I think there are many cases where it's actively better for EAs to screw up in public and be corrected in the comments, rather than working out all disagreements and info-asymmetries in private channels and then putting out an immaculate, smoothed-over final product. (Especially if the post is transparent about this, so we have more-polished and less-polished stuff and it's pretty clear which is which.)
Screwing up in public has real costs (relative to the original essay Just Being Correct about everything), but hiding all the cognitive work that goes into consensus-building and airing of disagreements has real costs too.
This is not me coming out against running drafts by people in general; it's great tech, and we should use it. I just think there are subtle advantages to "just say what's on your mind and have a back-and-forth with people who disagree" that are worth keeping in view too.
Part of it is a certain attitude that I want to encourage more in EA, that I'm not sure how to put into words, but is something like: tip-toeing less; blurting more; being bolder, and proactively doing things-that-seem-good-to-you-personally rather than waiting for elite permission/encouragement/management; trying less to look perfect, and more to do the epistemically cooperative thing "wear your exact strengths and weaknesses on your sleeve so others can model you well"; etc.
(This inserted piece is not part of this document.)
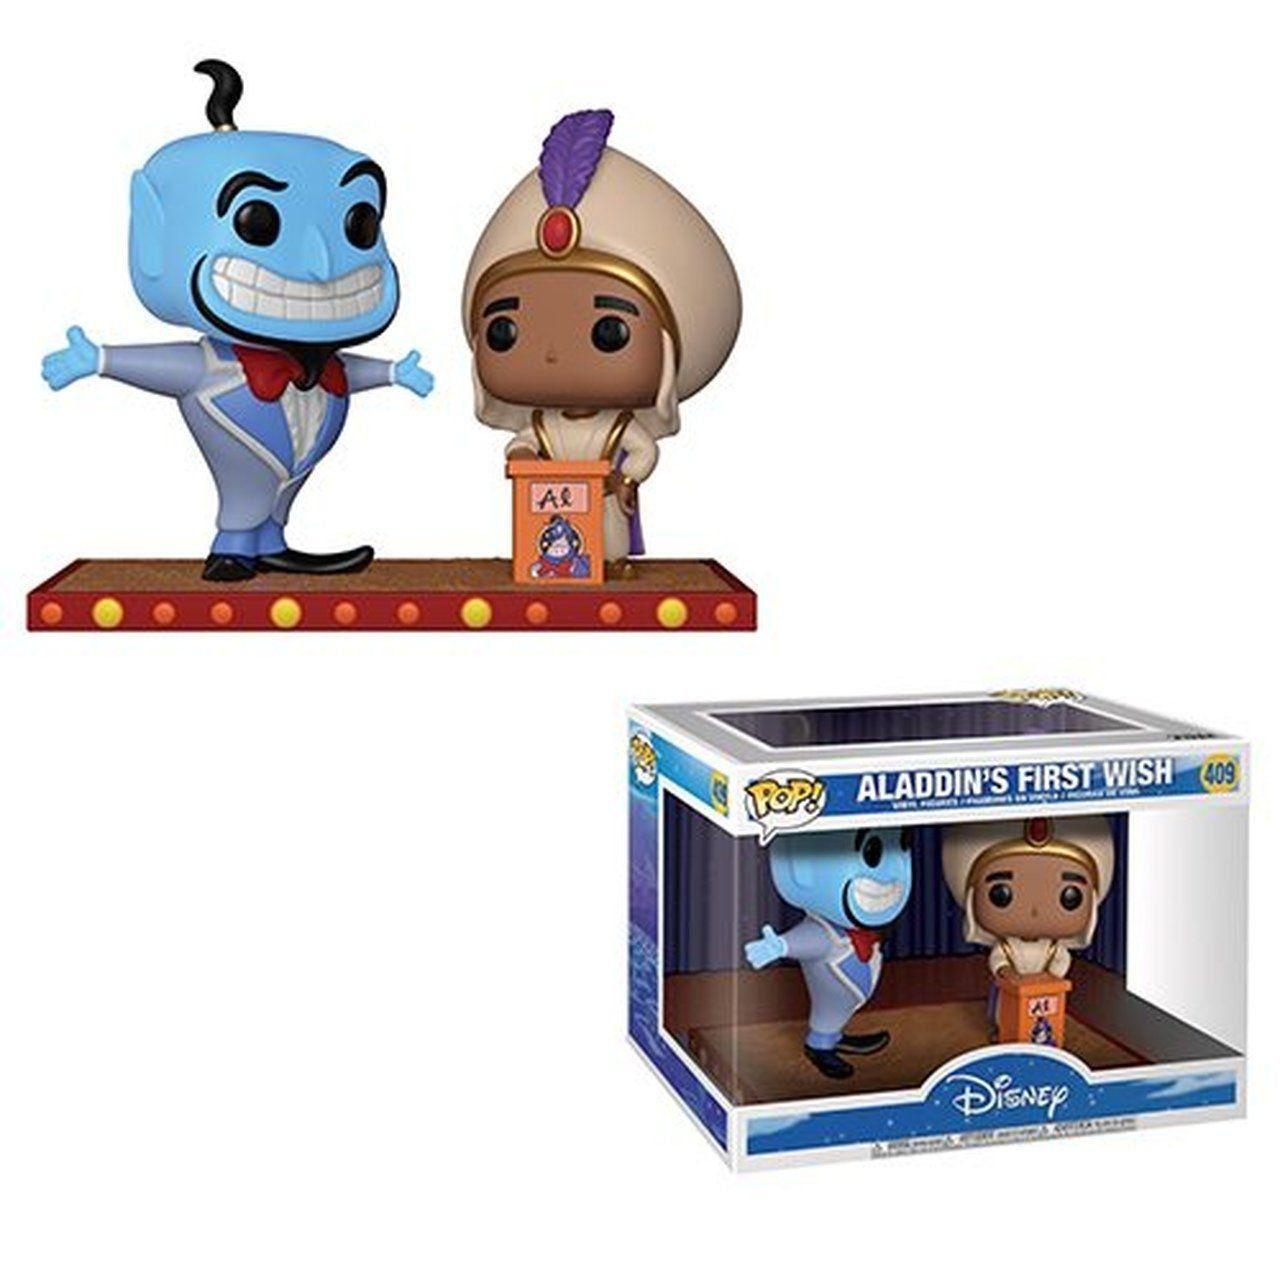 Funko Pop! Aladdin Genie First Wish 2 Pack: Aladdin´s Disney #409 - Funko

All of that is compatible with running drafts by folks, but I think it can be valuable for more EAs to visibly be more relaxed (on the current margin) about stuff like draft-sharing, to contribute to a social environment where people feel chiller about making public mistakes, stating their current impressions and updating them in real time, etc. I don't think we want maximum chillness, but I think we want EA's best and brightest to be more chill on the current margin.